沈白枫恍然大悟的点头问:“那我可以为你做些什么吗?哪怕是很小的事,我都可以。”不为同情,只为心中的心绪相连。
“我的身外化身会将他带来这里,但我已经等不到他了。”白衣的神念晃动着,“你如果见到他了,就帮我问他一句话吧。”虽然他再也听不到回答了。

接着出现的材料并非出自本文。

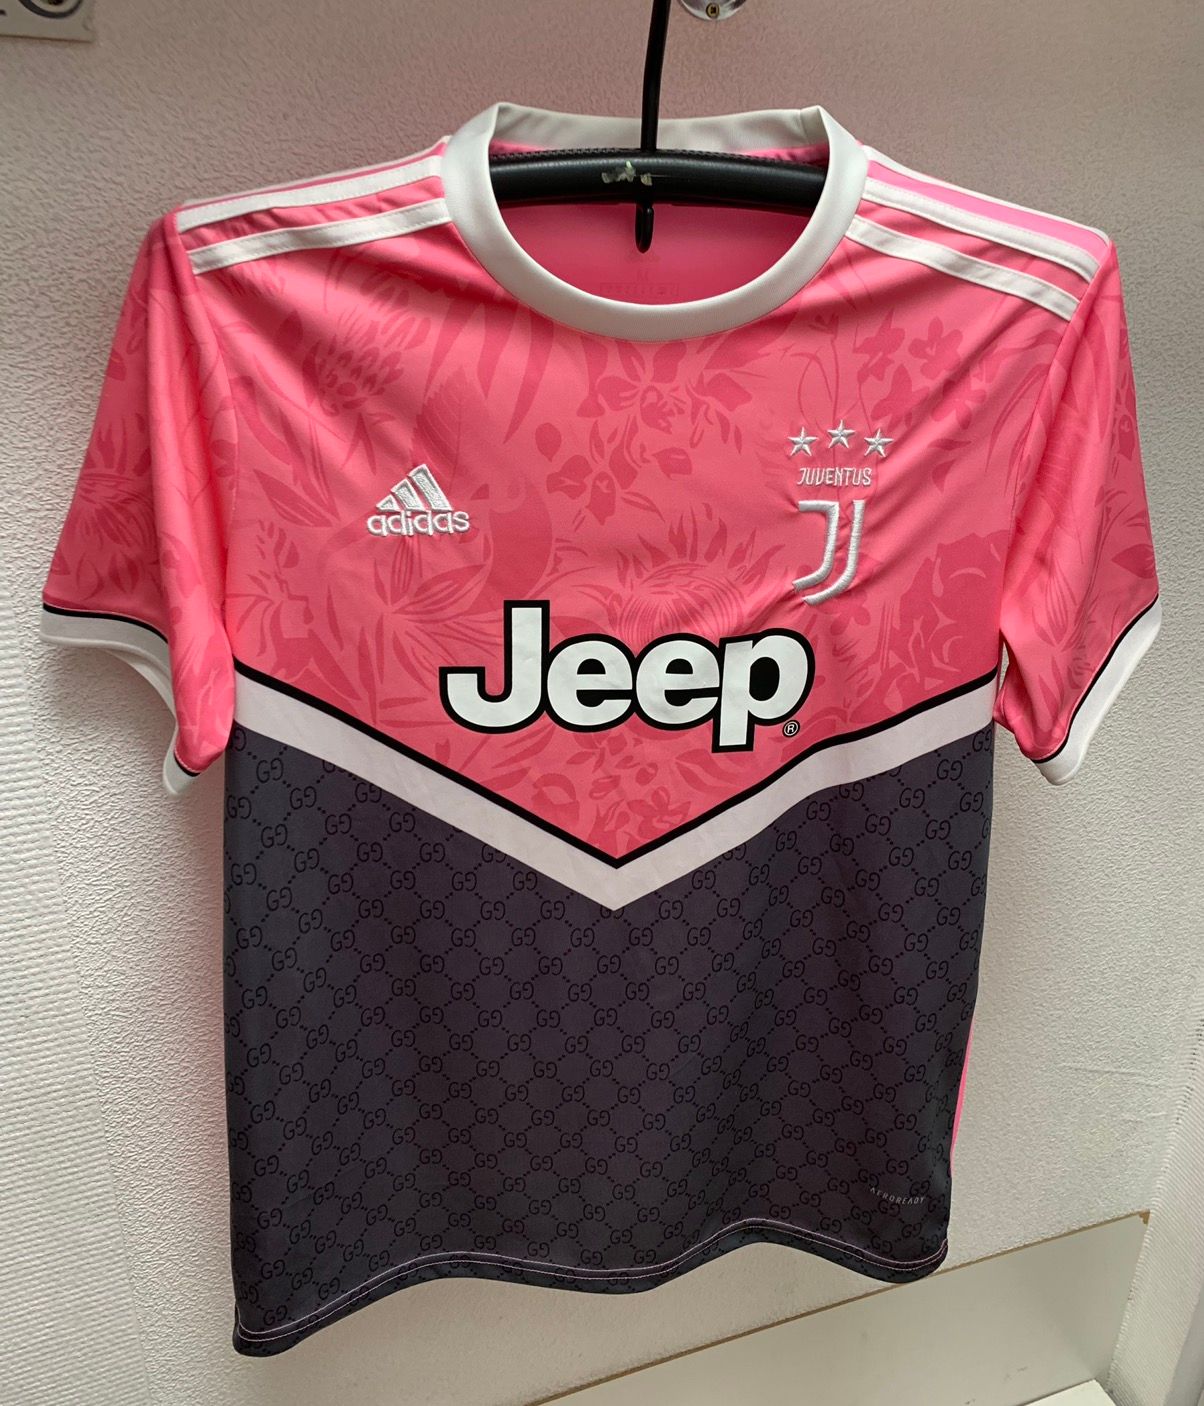 Pre-owned Jersey X Soccer Jersey Juventus Adidas Gucci Soccer Jersey Jeep M Size In Pink

“没问题,你说。”沈白枫心里不是滋味,是同情也是悲凉的无奈。
“你就问问他:‘师兄,你还愿意护着我吗?不是为了宗门,只是我。’”白衣的神念虚影晃动着,微微一笑,非常美的模样。
“好!”沈白枫生怕他听不到,说的声音大极了。
白影一晃,就这么慢慢飘着后退,沉入了手中,却惊不起一丝水花,最后一个笑容随着他的身影一同消失了。
“谢谢你。”我的转世。
轻浅的声线重拾温柔,是当初最美的年华,也是少年最纯真的年代。
沈白枫随着他走了几步,抬着头望着远不可及的天穹,泪花在眼眶里闪动,凝聚的水雾覆盖了眼球。
成串的泪珠闪动着掉下来,润湿了脸庞,在下颌处聚成了泪珠,又滴答滴答的往下落。
风声又重新回到了耳中,光的照射让眼睛不自主地闭上,泥土的混合着草木的馨香再次润泽了口鼻。
再睁眼,只余一汪透彻的湖水,里面映着个白衣色青年的模样,最是熟悉不够的脸上,已经看不出曾经的矜持与伪装。
干干净净的,也难过极了。
幻境结界破了,明明是长达很久的故事,却只过了那么一刻钟。
虚实,最难辨不过。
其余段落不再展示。